Within the entries below, output exactly the lines between the line containing "3110/_B1 AHK Vertikale" and the line containing "Real Madrid Adidas", inclusive, and omit any picture.

DATA EXTRACTS.
*** Block opens ***

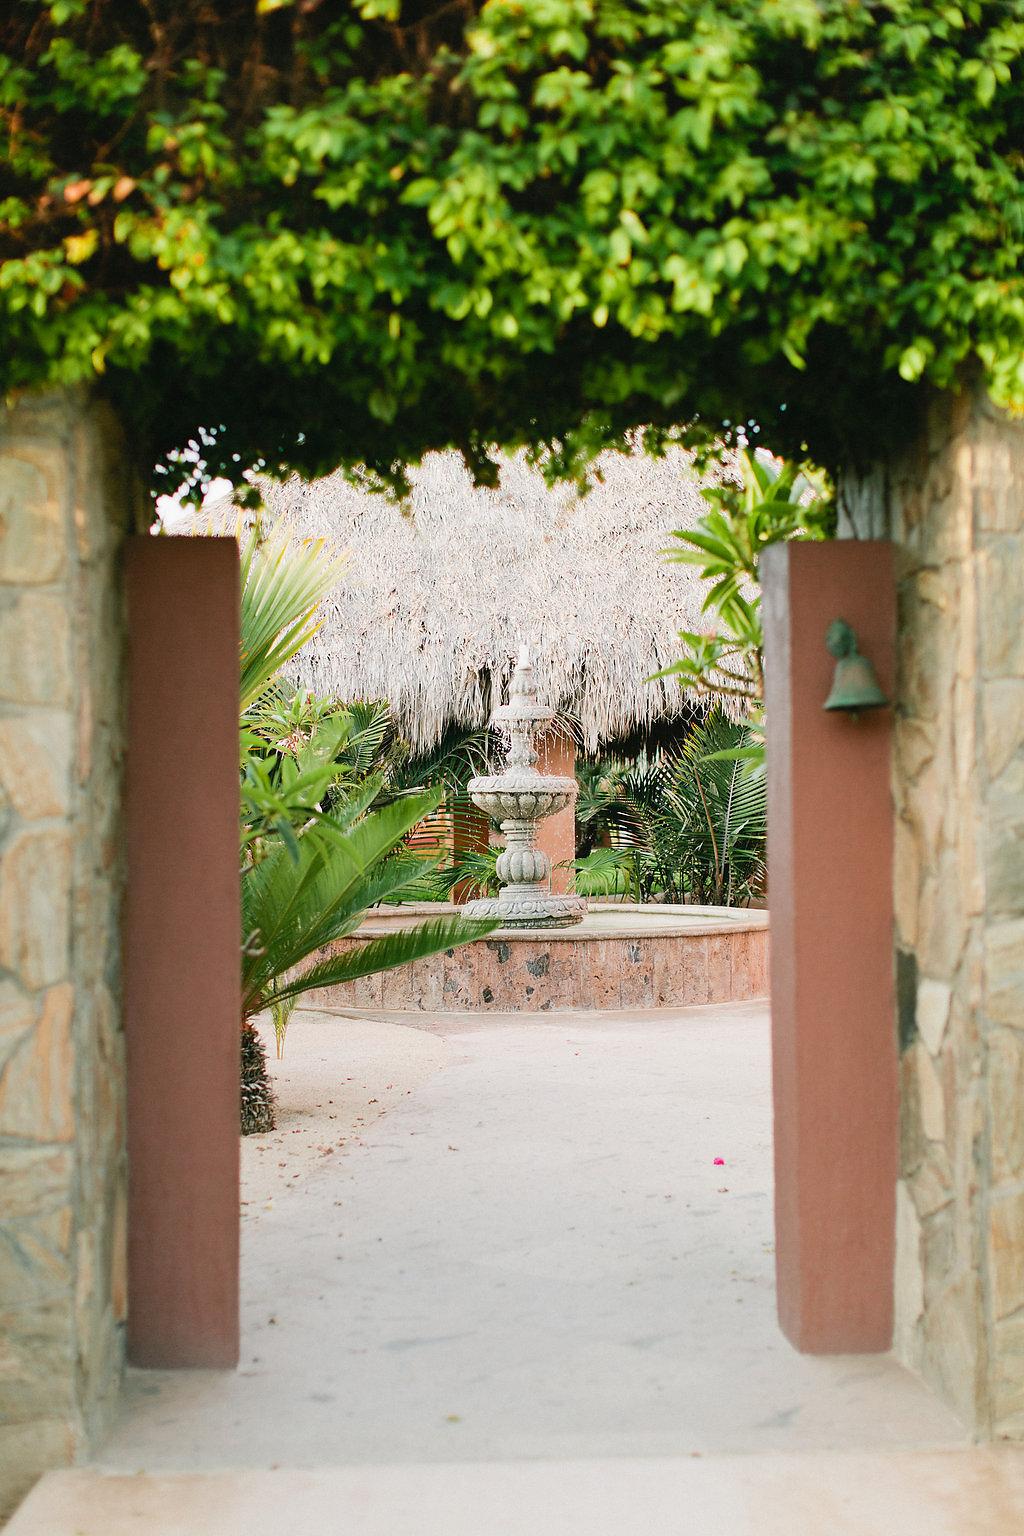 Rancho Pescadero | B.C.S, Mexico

*** Block closes ***
*** Block opens ***

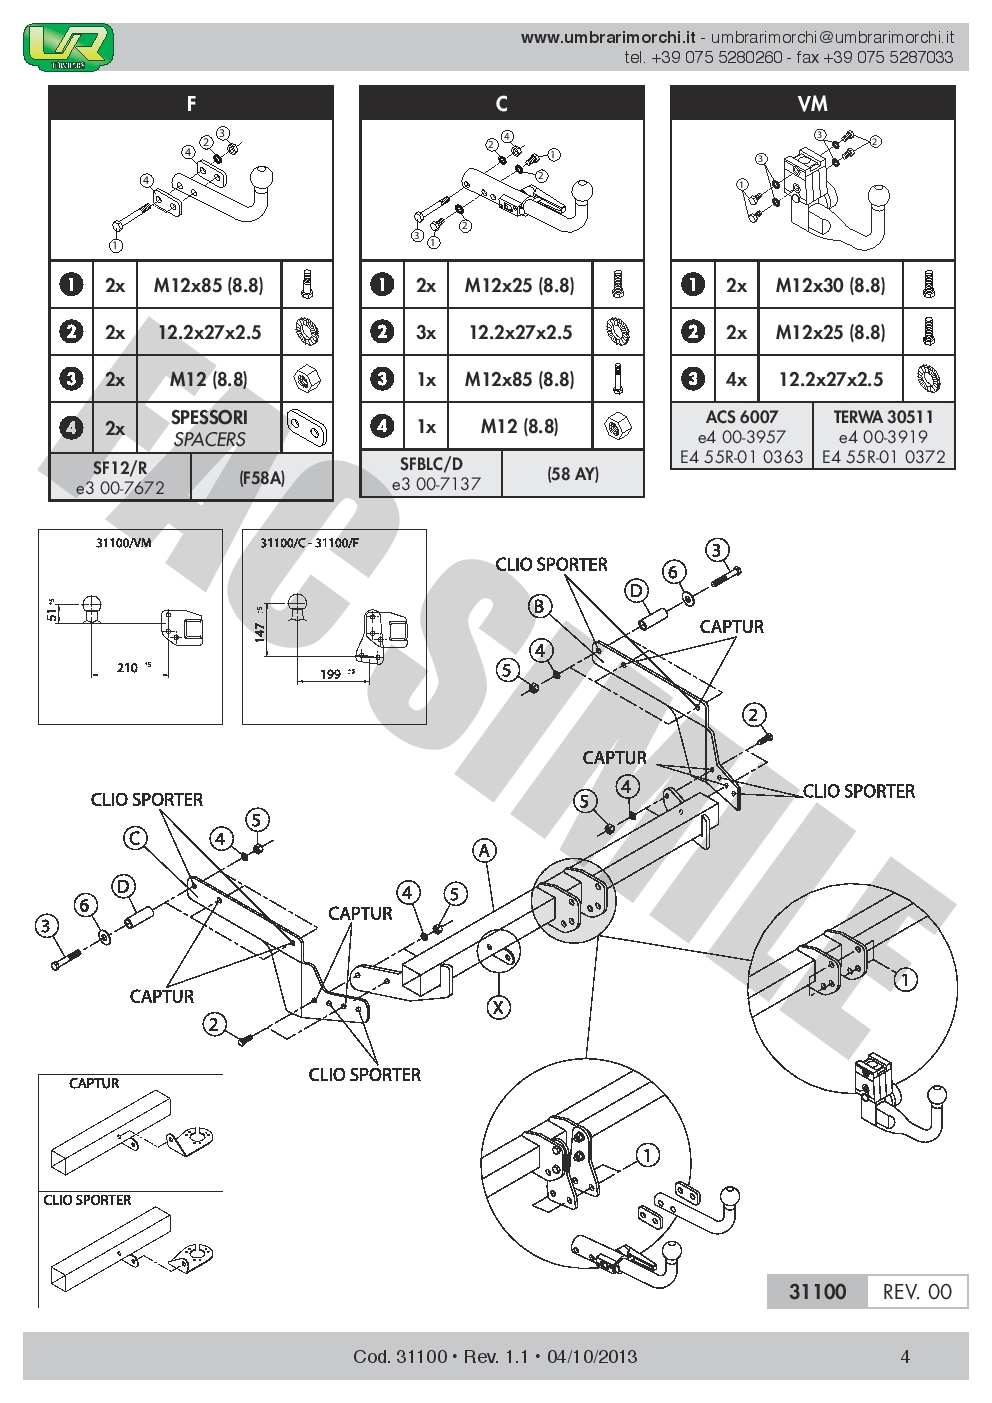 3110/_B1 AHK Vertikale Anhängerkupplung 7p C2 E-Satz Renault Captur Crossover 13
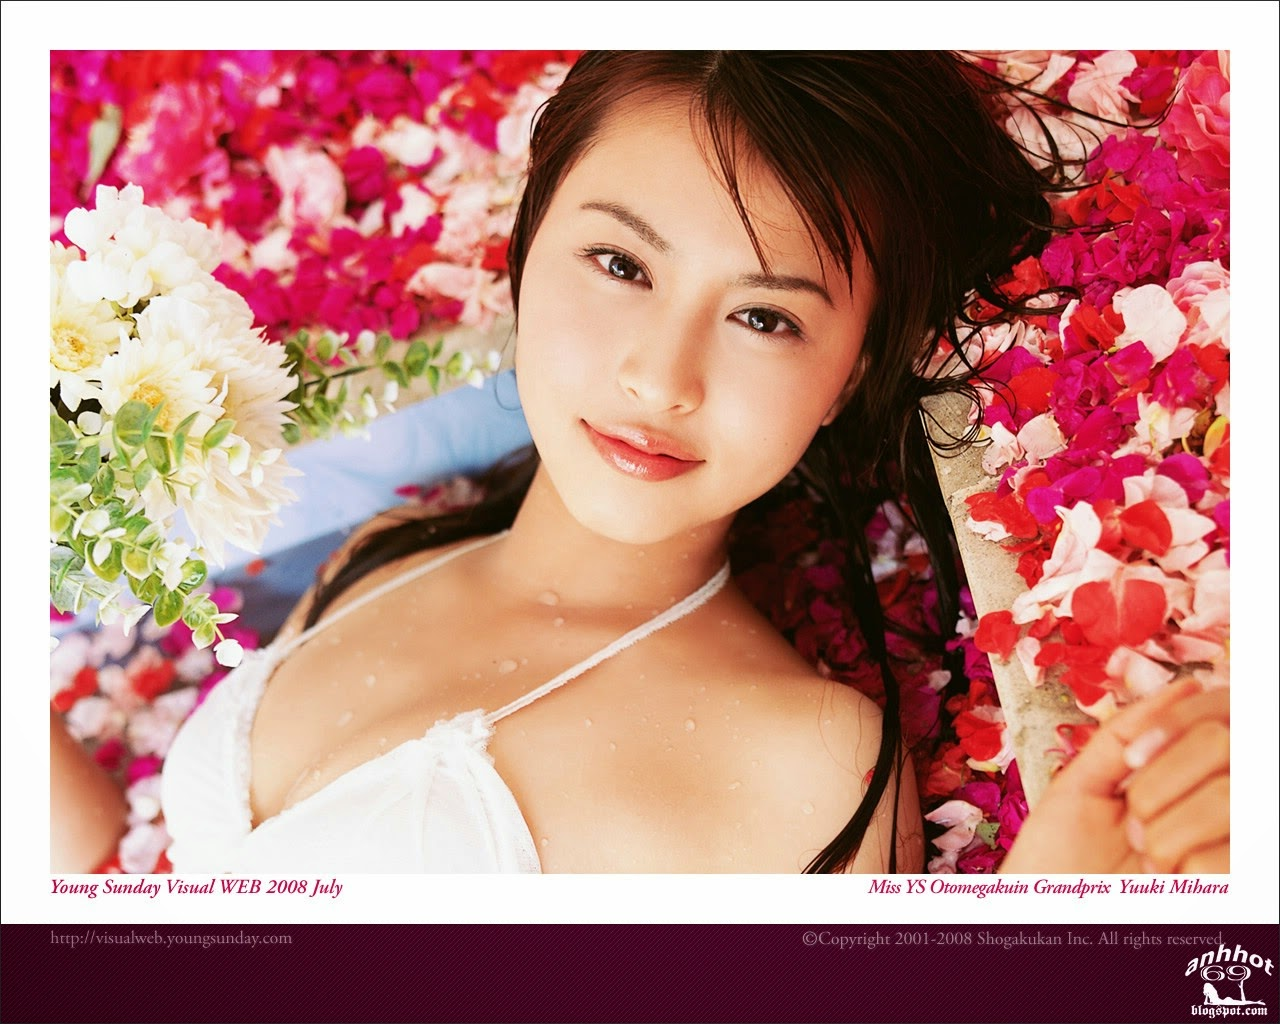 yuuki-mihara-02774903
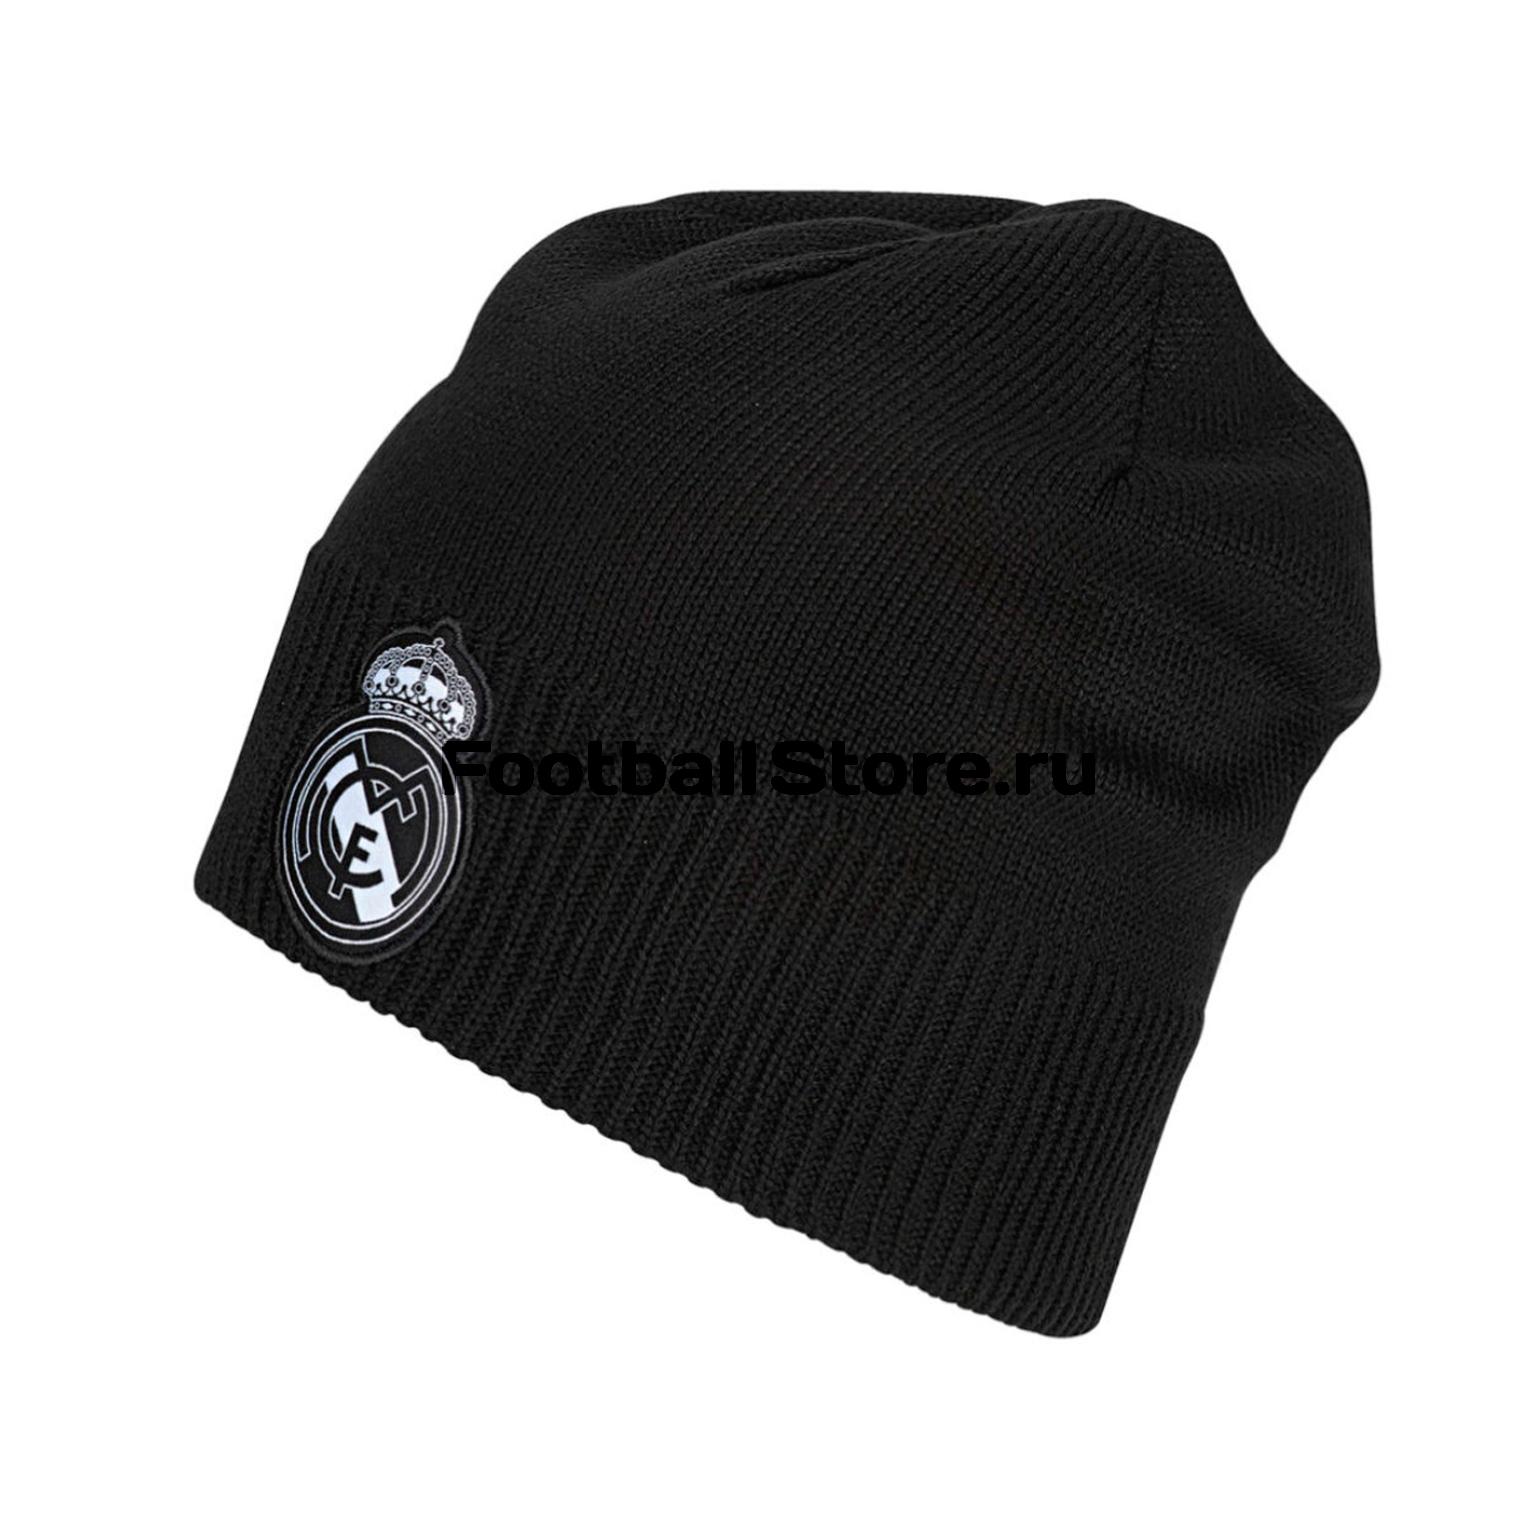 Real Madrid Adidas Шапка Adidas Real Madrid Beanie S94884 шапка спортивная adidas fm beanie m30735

*** Block closes ***

RESULT FOR THIS TASK.
 3110/_B1 AHK Vertikale Anhängerkupplung 7p C2 E-Satz Renault Captur Crossover 13
 yuuki-mihara-02774903
 Real Madrid Adidas Шапка Adidas Real Madrid Beanie S94884 шапка спортивная adidas fm beanie m30735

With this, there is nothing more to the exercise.